The adjustable KYB suspension isn’t the fanciest or newest kit in the world. Neither are the XSR900's perfectly competent brakes. But Yamaha harvested thoughtfully from its parts bin, and the complete package is stellar on a back road. The excellent factory tires, Bridgestone Battlax Hypersport S22s, help enormously. So do the weight savings earned with Yamaha’s spin-forged wheels.

This bike may have all the modern creature comforts, but that’s not to say the XSR900 is designed to be comfortable. The seat is board-stiff; the bars will stretch most riders into an athletic attack position. But despite those demands on your back and bottom, it’s a perfectly acceptable machine for a long day in the saddle — especially if you’re riding fast, and merely using the saddle as a pleasant place to rest on straightaways.
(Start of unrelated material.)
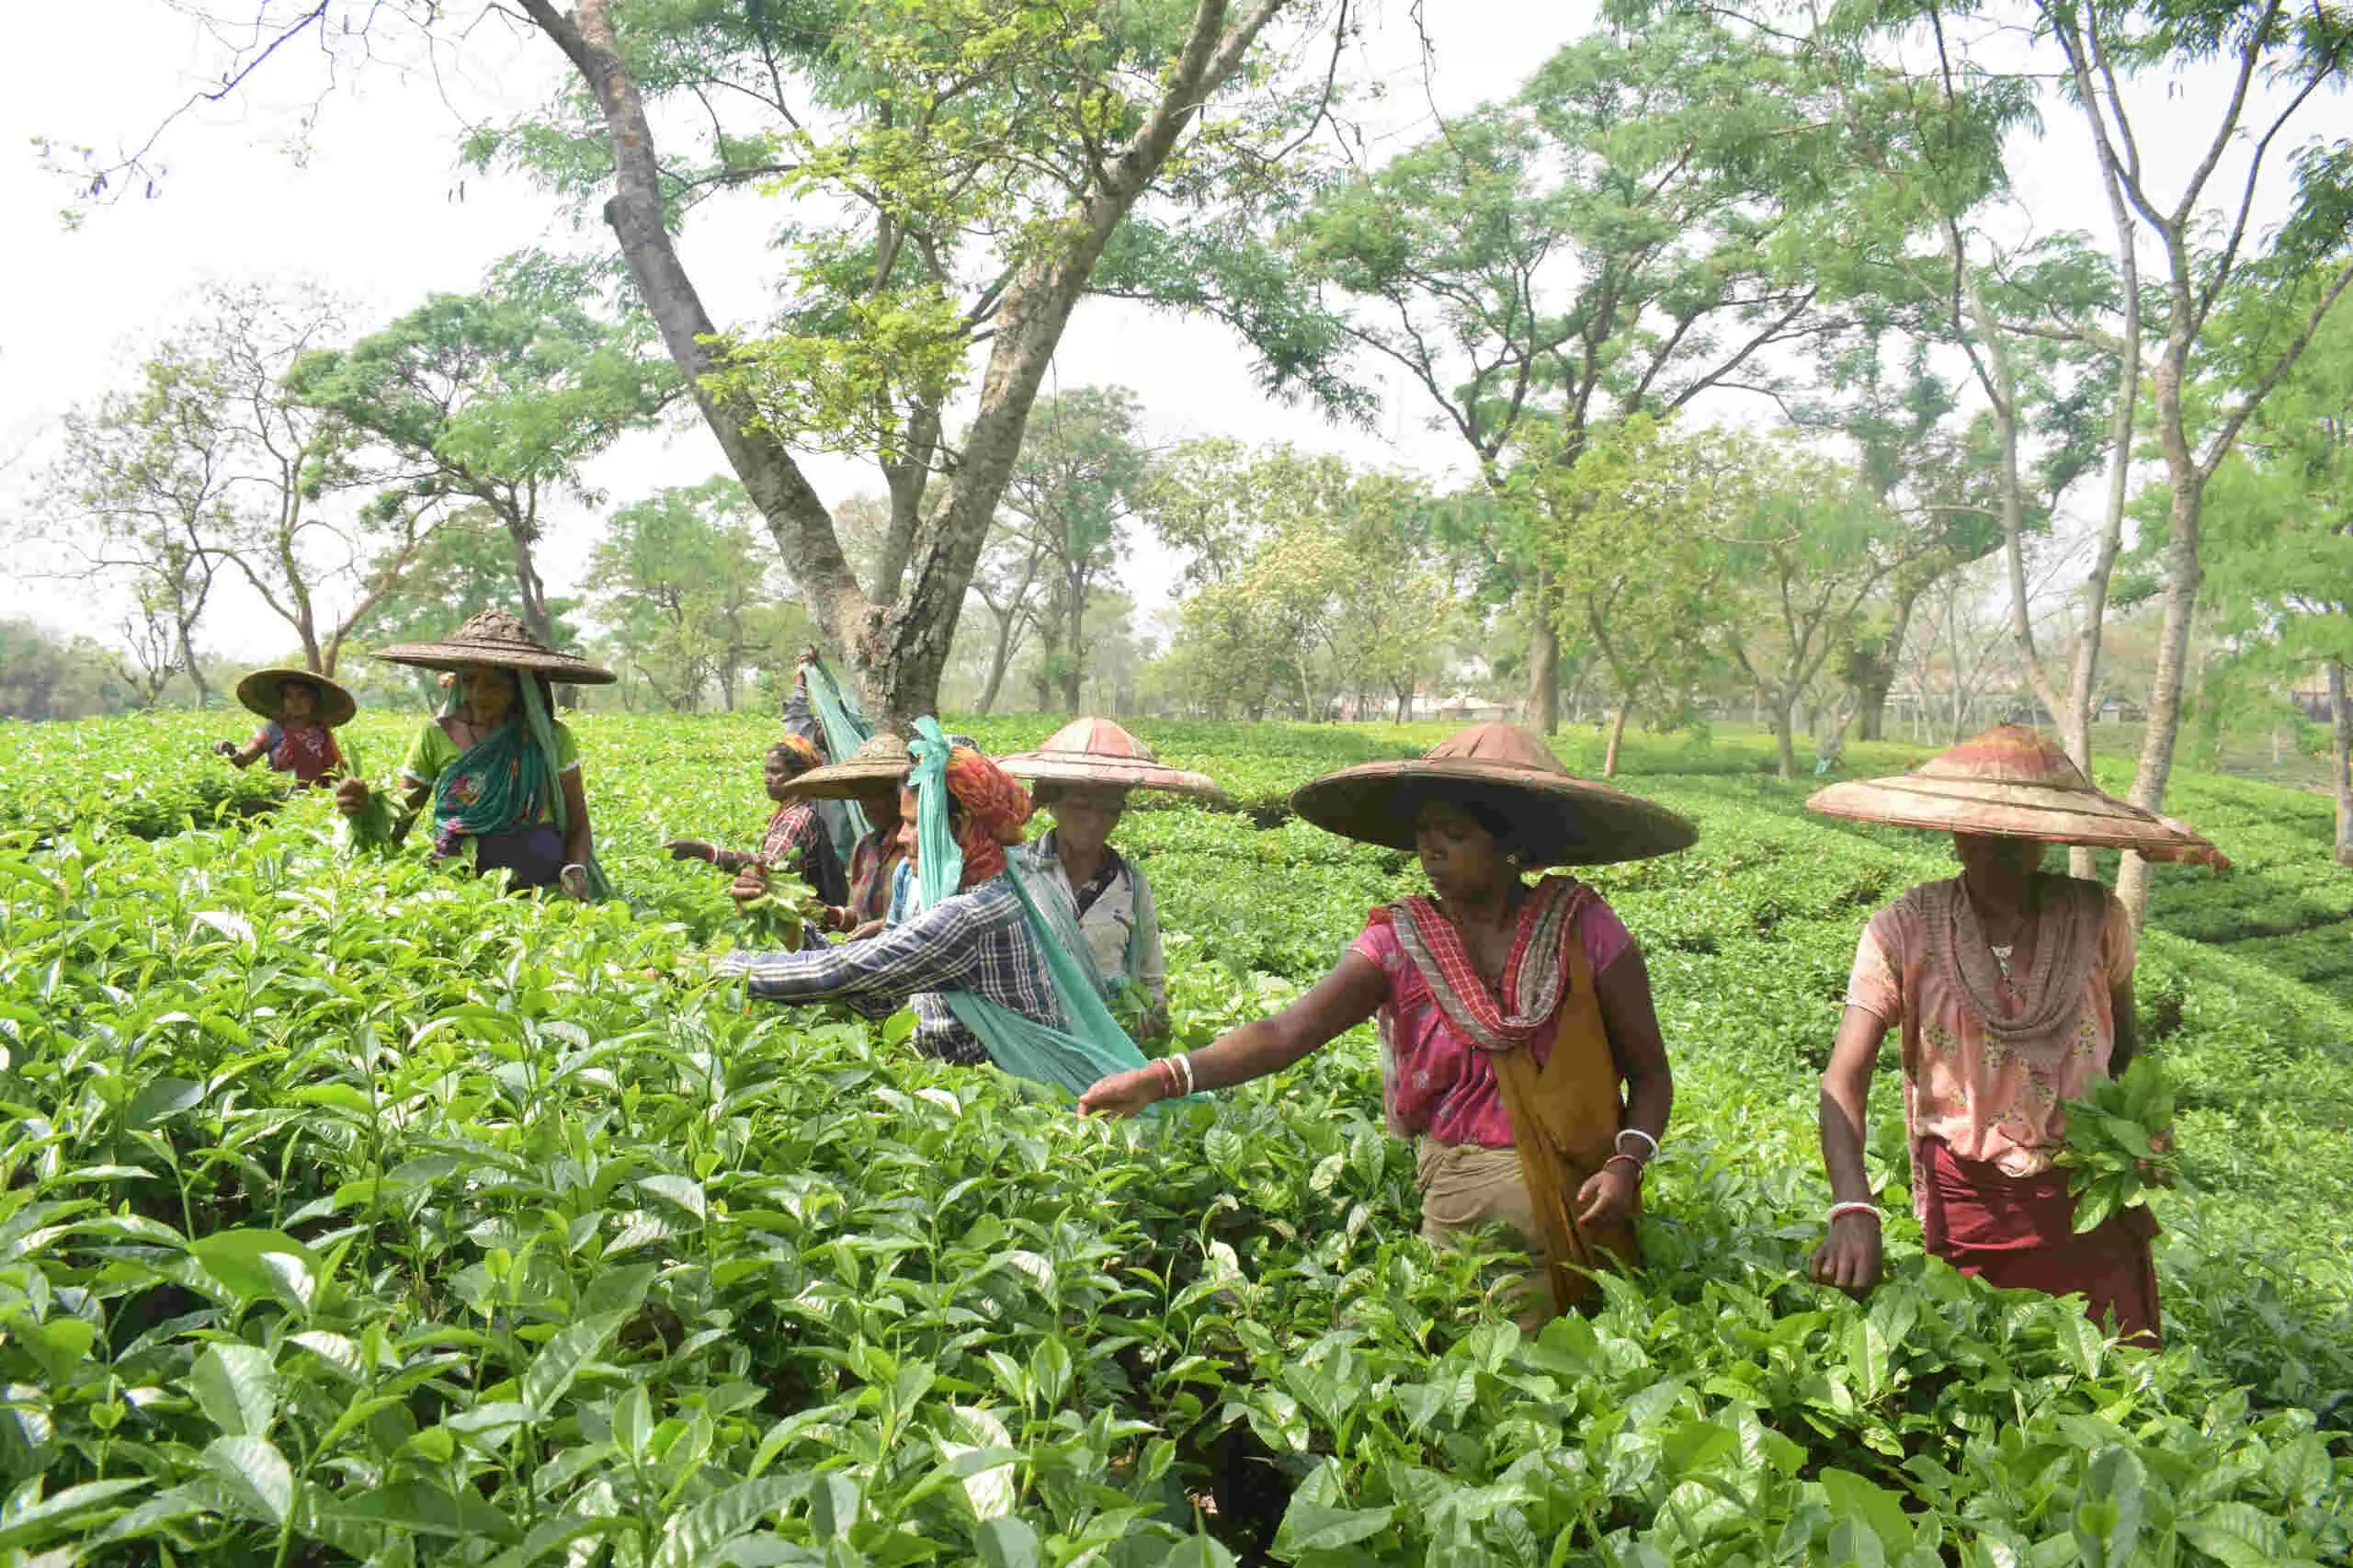 चाय नीलामी केंद्र की स्थापना के साथ त्रिपुरा में चाय उद्योग एक बड़े बदलाव के लिए तैयार

Image for article titled The 2022 Yamaha XSR900 Proves Motorcycles Still Win on Smiles Per Dollar
Photo: Yamaha

This bike was made for California’s mountains. The dash-dive-dash rhythm of carving a canyon road becomes a sensory nirvana, the racket and velocity of that three-cylinder enhancing an already wonderful ride.

No car on earth can offer the satisfaction of nailing an inch-perfect line through a corner. They’re too big — even a Miata takes up most of its lane, leaving barely any room to adjust. A bike can carve up the 12-foot span between the stripes into a dozen possibilities, constantly changing and evolving at the speed of your decision making. The XSR keeps up. It matches you shift for shift. Few machines deliver the all-around punch, delight and thrill of the XSR900. Good luck finding something that does it for just under $10,000.

Mostly, though, the XSR is excellent because it’s as delightful to ride as it is to look at. It’s stable but flickable. Rapid, but measured. It’s amazing what you can do on a fast bike that isn’t a handful. Lean the XSR deep into a well-paved corner at good speed, and your brain still has time to marvel at the wildflowers at the road’s edge, bask in the sage-and-tarmac smell of a desolate canyon road in summertime. It’s a bike that melts away under you, while still pushing all your buttons and coaxing you to go faster. That’s an unusual machine, no matter what you like to ride or drive. That it’s a relative bargain is just icing on the cake.